4. AI Workflow — Day-to-Day Operations
4.1 Developer Daily Flow
Morning Standup:
└── Review AI-generated PRs from overnight Claude Code runs
└── CodeRabbit flagged issues → address in first hour
Task Assignment → AI-First Approach:
┌────────────────────────────────────────────┐
│ 1. Open task (Jira/Linear) │
│ 2. Cursor: @codebase → understand context │
│ 3. Think: what approach? what files? │ ← HUMAN DECISION
│ 4. Cursor Agent: implement across files │ ← AI EXECUTES
│ 5. Cursor: generate tests │ ← AI EXECUTES
│ 6. Review AI output: logic correct? │ ← HUMAN VALIDATES
│ 7. Run tests locally │
│ 8. Push → CodeRabbit auto-review │
│ 9. Fix CodeRabbit issues │
│ 10. Human reviewer → merge │
└────────────────────────────────────────────┘
Batch Migration (Claude Code):
┌────────────────────────────────────────────┐
│ 1. Prep: identify 10 files to migrate │ ← HUMAN SCOPES
│ 2. Claude Code: "migrate these 10 files │ ← AI BATCH EXECUTES
│ from .NET Framework to .NET 8 following │
│ template X" │
│ 3. Review diff: business logic intact? │ ← HUMAN VALIDATES
│ 4. Run tests: all green? │
│ 5. Push PR │
└────────────────────────────────────────────┘
4.2 Migration-Specific AI Workflow
Module Migration Flow (AI-Driven):
Step 1: AI Analysis (Gemini 2.5 Pro — full codebase context)

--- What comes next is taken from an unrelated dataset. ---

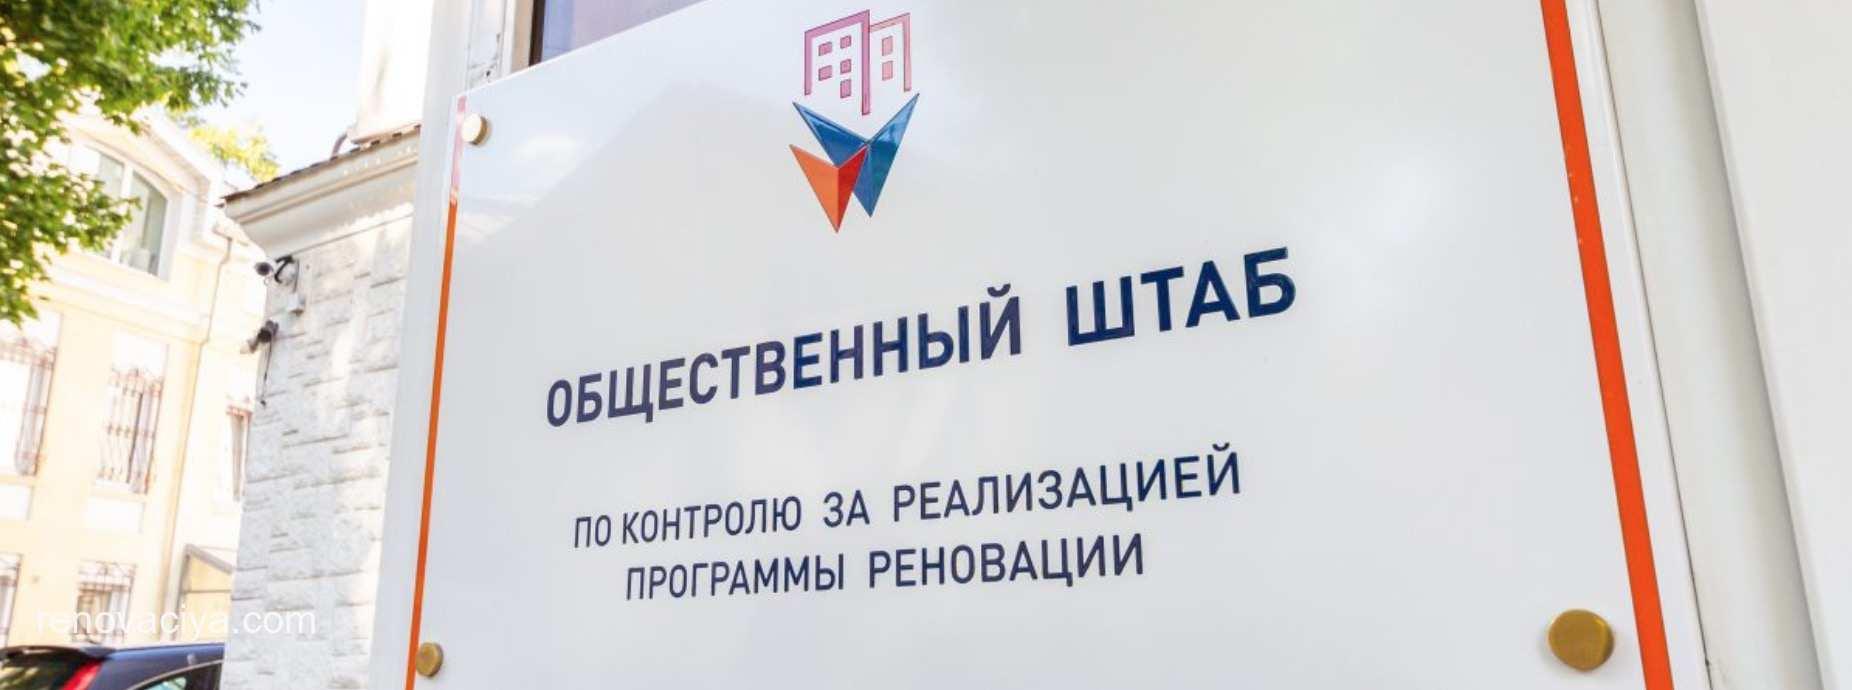 График приёма граждан в Общественном штабе

Input: Legacy module source code (entire module)
Prompt: "Analyze this .NET module. Output: bounded context,
dependencies, database tables, API endpoints,
business rules, hidden coupling."
Output: Module analysis document (AI-generated, human-reviewed)
Step 2: AI Scaffolding (Claude Sonnet 4 — Cursor Agent)
Input: Analysis doc + .NET 8 service template
Prompt: "Generate .NET 8 microservice scaffold for [Module].
Include: project structure, DI setup, EF Core context,
API controllers (from legacy), middleware, health checks."
Output: Working .NET 8 project skeleton
Step 3: AI Business Logic Migration (Claude Sonnet 4 / Opus 4)
Input: Legacy business logic files + scaffold
Prompt: "Migrate this business logic from .NET Framework to .NET 8.
Preserve ALL behavior. Flag any ambiguous logic."
Output: Migrated business logic (REQUIRES HUMAN REVIEW)
Gate: ⚠️ MANDATORY human review of every business rule
Step 4: AI Test Generation (Claude Sonnet 4)
Input: Migrated service + legacy test files (if any)
Prompt: "Generate: 1) Contract tests (Pact) for all APIs,
2) Unit tests for business logic,
3) Integration tests for DB operations.
Cover: happy path + edge cases from legacy behavior."
Output: Test suite (80%+ coverage)
Step 5: AI Data Migration (Claude Code — batch)
Input: Legacy DB schema + new service schema
Prompt: "Generate CDC setup: 1) Source connector (legacy DB),
2) Sink connector (new service DB),
3) Transformation rules, 4) Verification queries."
Output: CDC configuration + verification scripts
Step 6: AI Review + Human Review (2-gate)
Gate 1: CodeRabbit auto-review → flag issues
Gate 2: Human reviewer → focus on:
- Business logic correctness
- Security implications
- Performance concerns
- Edge cases AI might miss
5. Prompt Library — Core Templates
5.1 Migration Prompts
## prompt: analyze-legacy-module
You are analyzing a legacy .NET Framework module for migration to .NET 8 microservices.
Input: [paste module code or use @codebase reference]
Output the following:
1. **Bounded Context**: What domain does this module own?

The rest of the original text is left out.